No problem. It's best to discuss the details now :). I think the print_lock exclusive accesses are in the same shareability domain, because they are accessed after enable_mmu() on all cores, with the same MMU/cache attributes. Also, we enable both ISH and OSH shareability in the translation tables

I'm lost. is the scenario you describe is with my dc cvac, w/a or with the early enable_mmu fix ?

I meant this PR as it is at this moment, without early MMU enable or other changes.

My question is why that works, as it triggers the corner case I'm concerned about. (Cached data shadowing uncached writes.)

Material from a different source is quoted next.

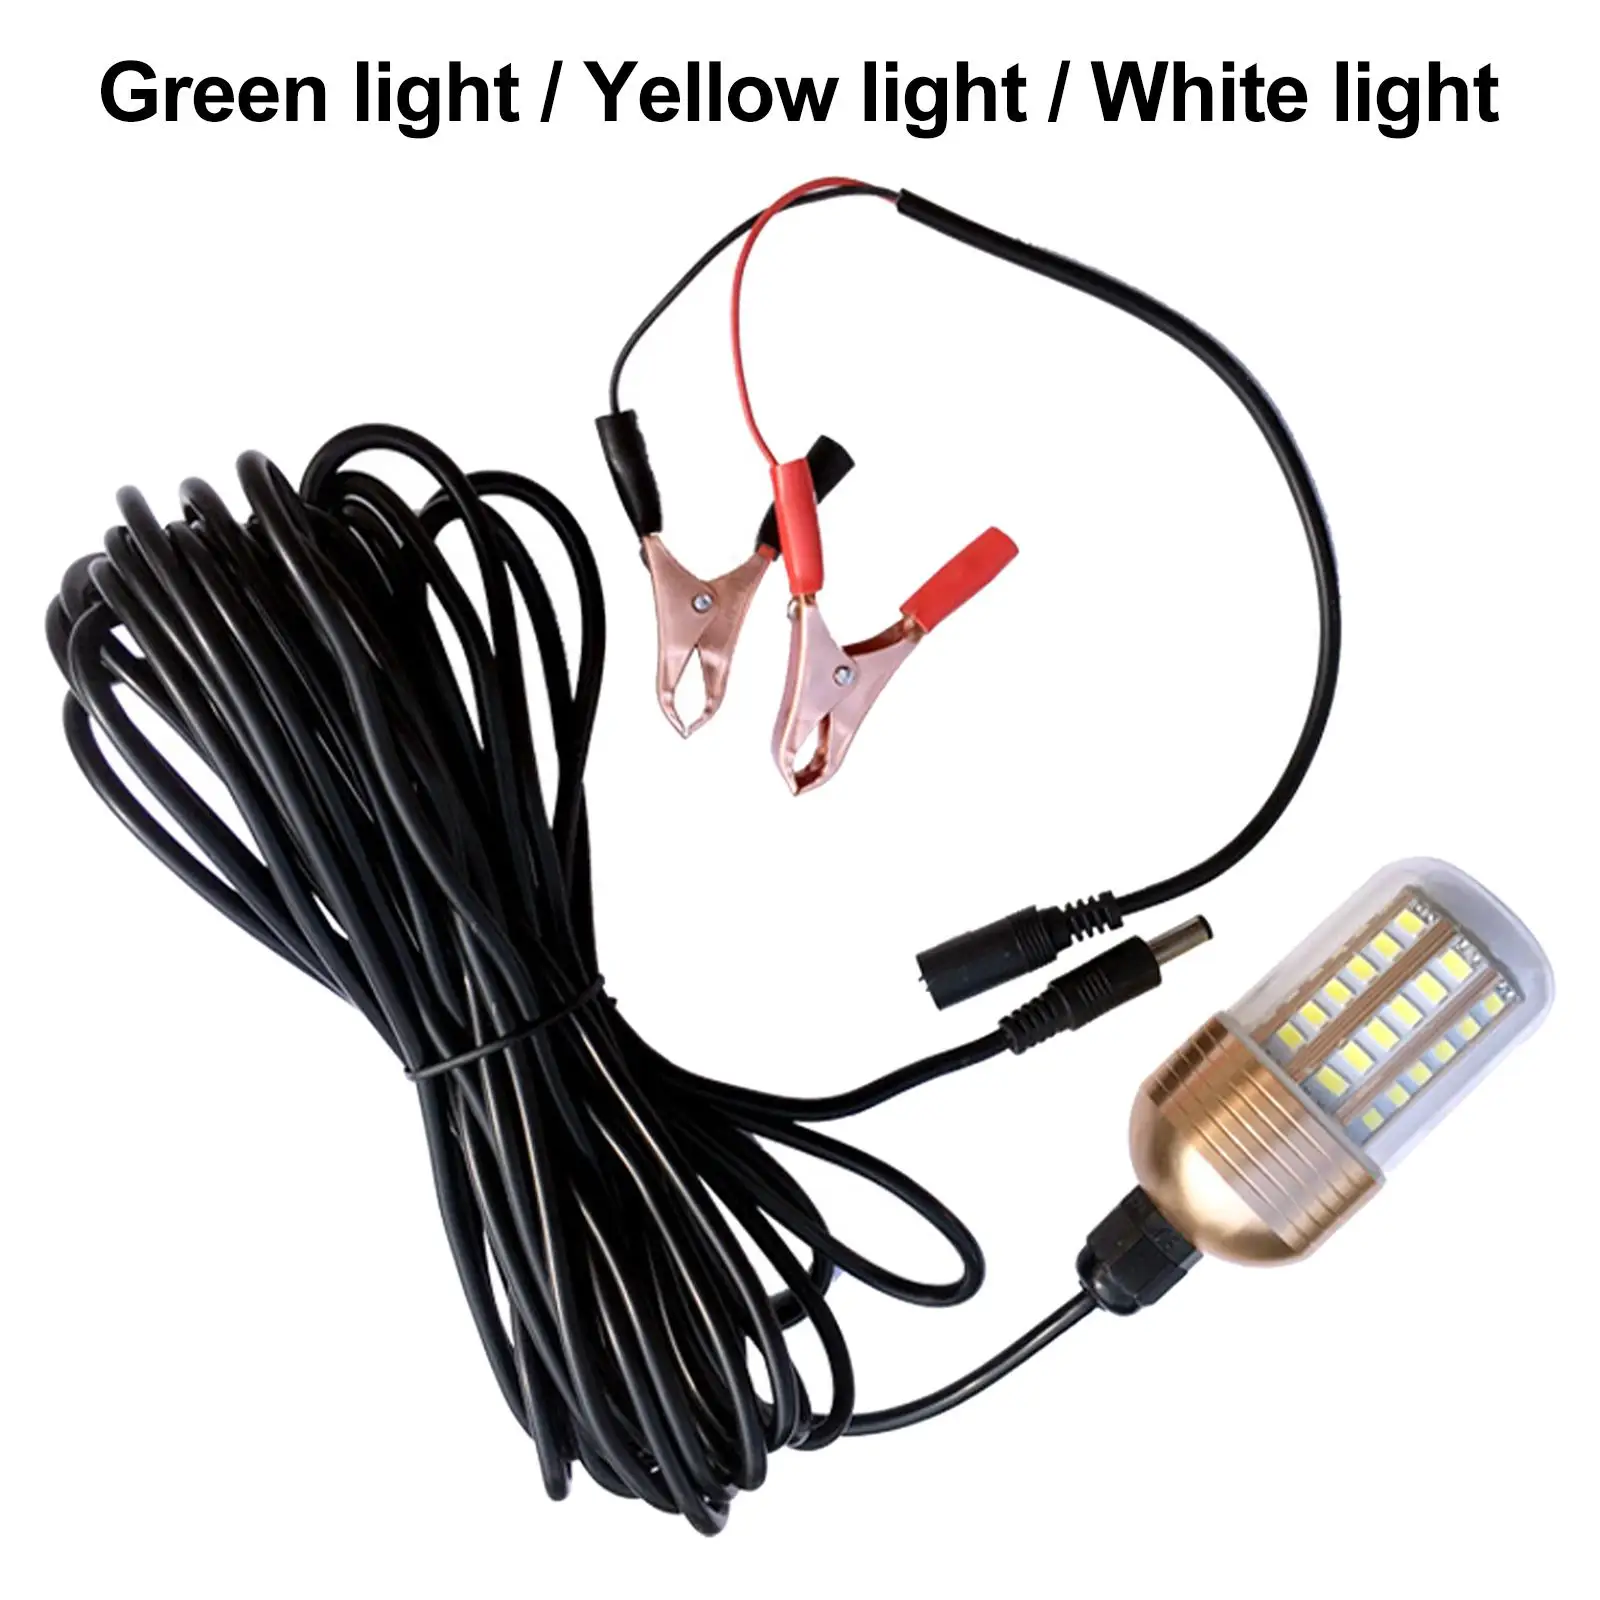 12V 60 LED Submersible Underwater Light, Lure Bait Finder, Night Fishing Finder Lamp for Outdoor Fishing

using my w/a the sequence is:
[...]
that's probably why I see it OK at my end;

I don't know what you mean with "w/a", but the pop I mean is the return from the function call, not retrieving the arguments passed from core 0, that's always fine.

If you mean enabling caches without enabling the MMU, that should work for L2 as that's PIPT. Not entirely sure how that interacts with a VIPT L1 cache though, that might be implementation defined.

now if there is an issue about the cache not being invalidated after the clean, I can use "dc civac" instead of "dc cvac"

No, that would only hide the issue, as speculative reads at the wrong moment have the same effect. Better to always trigger the scenario so it breaks immediately when something changes, instead of once in a blue moon.

My question is why that works, as it triggers the corner case I'm concerned about. (Cached data shadowing uncached writes.)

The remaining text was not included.